Participants treated with IVIG must have completed treatment at least 7 days prior to Week 0, Day 0.
Participants previously treated with immunotherapy must be receiving a stable dose (per Investigator discretion) for ≥1 month before Week 0, Day 0.
Participants who are taking psychiatric medications (anti-depressants and antipsychotics) must remain on stable background psychiatric medications for at least 4 weeks prior to Week 0, Day 0 and for at least the first 6 weeks after Week 0, Day 0.
Adequate disease burden as defined as any one of the following (a to c) at Screening and Week 0, Day 0:
a. Two of the following: i. WAIS-IV immediate recall score <7 ii. TMT-A >40 seconds iii. RAVLT score <7 b. BDI-II total score ≥20. c. EQ 5D-5L score "moderate" or higher on at least 3 of the 5 items. Exceptions may be granted on a case-by-case basis in consultation with the Sponsor.

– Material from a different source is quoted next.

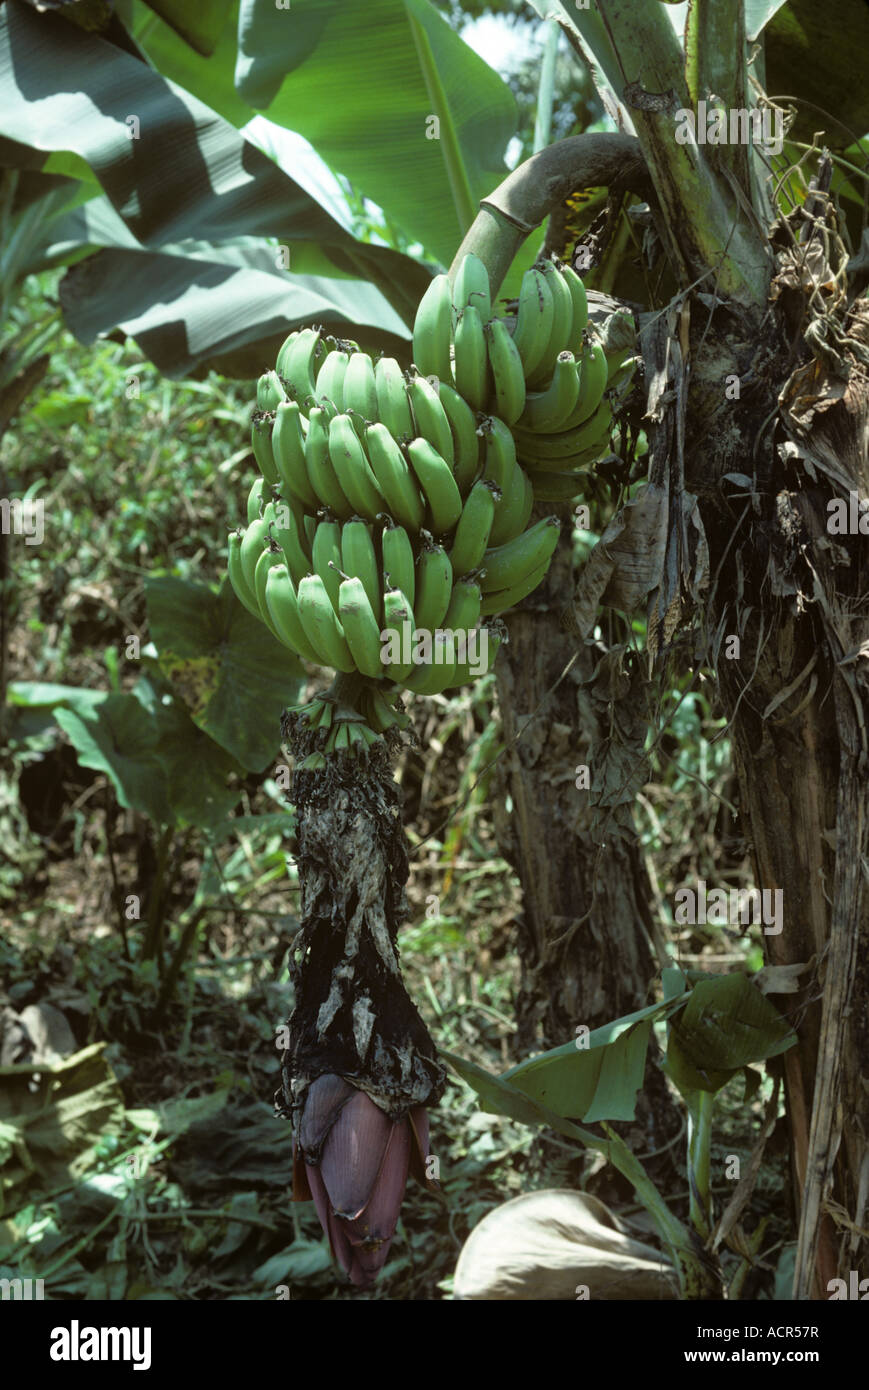 Bananenbaum infiziert mit schwarzem Blatt Streifen Krankheit Mycosphaerella Fijiensis Kolumbien Stockfoto

No active malignancy (see Section 7.6.3.3) or residual teratoma. Prior teratoma must be fully resected ≥1 week before Week 0, Day 0 with no evidence of recurrence per work-up (imaging and tumor markers).
Note: Discovery of a contralateral teratoma after study initiation will not be considered a protocol deviation. The event must be reported, managed per standard of care, and reviewed with the Sponsor Medical Monitor.

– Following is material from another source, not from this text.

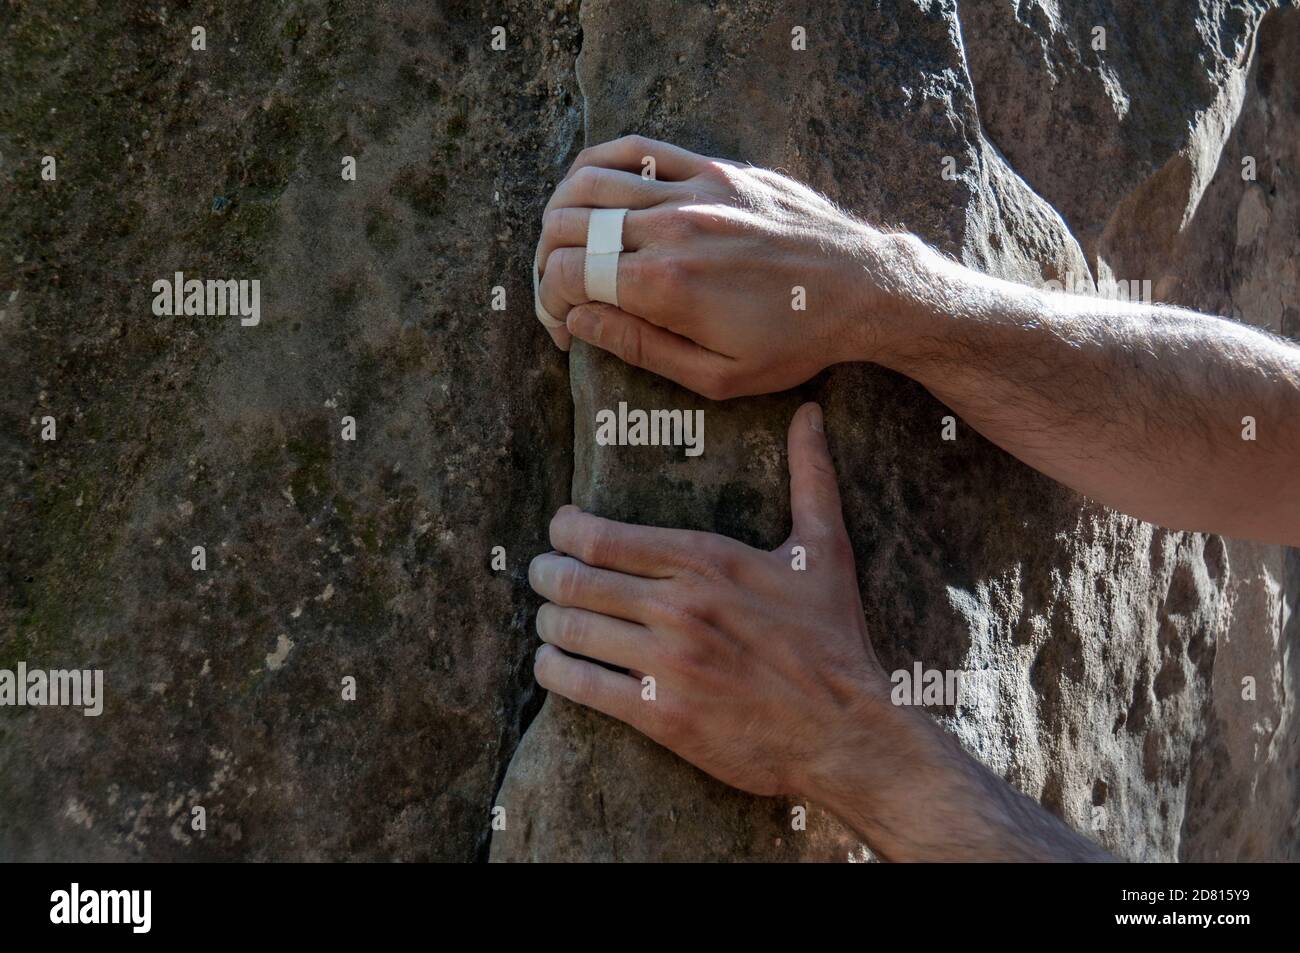 Le mani dell'arrampicatore con nastro fissato alla roccia, pronto a salire. Foto Stock

Participants must have undergone appropriate cancer screening prior to study enrollment. The specific series of investigations used for each participant will occur according to the judgment of the treating Investigator (for example, MRI or CT of the chest, abdomen, and pelvis, and pelvic ultrasound for female participants) to exclude the presence or recurrence of an underlying neoplasm, such as ovarian teratoma or other malignancy. Documentation of imaging results must be available in the source documents.
Sexually active female participants of childbearing potential and male participants with female partner(s) of childbearing potential must be willing to use a highly effective method of contraception during the study (from the time of providing consent) until at least 90 days after the last study drug administration, or longer if required by local regulations.
In South Korea, contraception must be continued for 6 months after the last study drug administration in accordance with MFDS requirements.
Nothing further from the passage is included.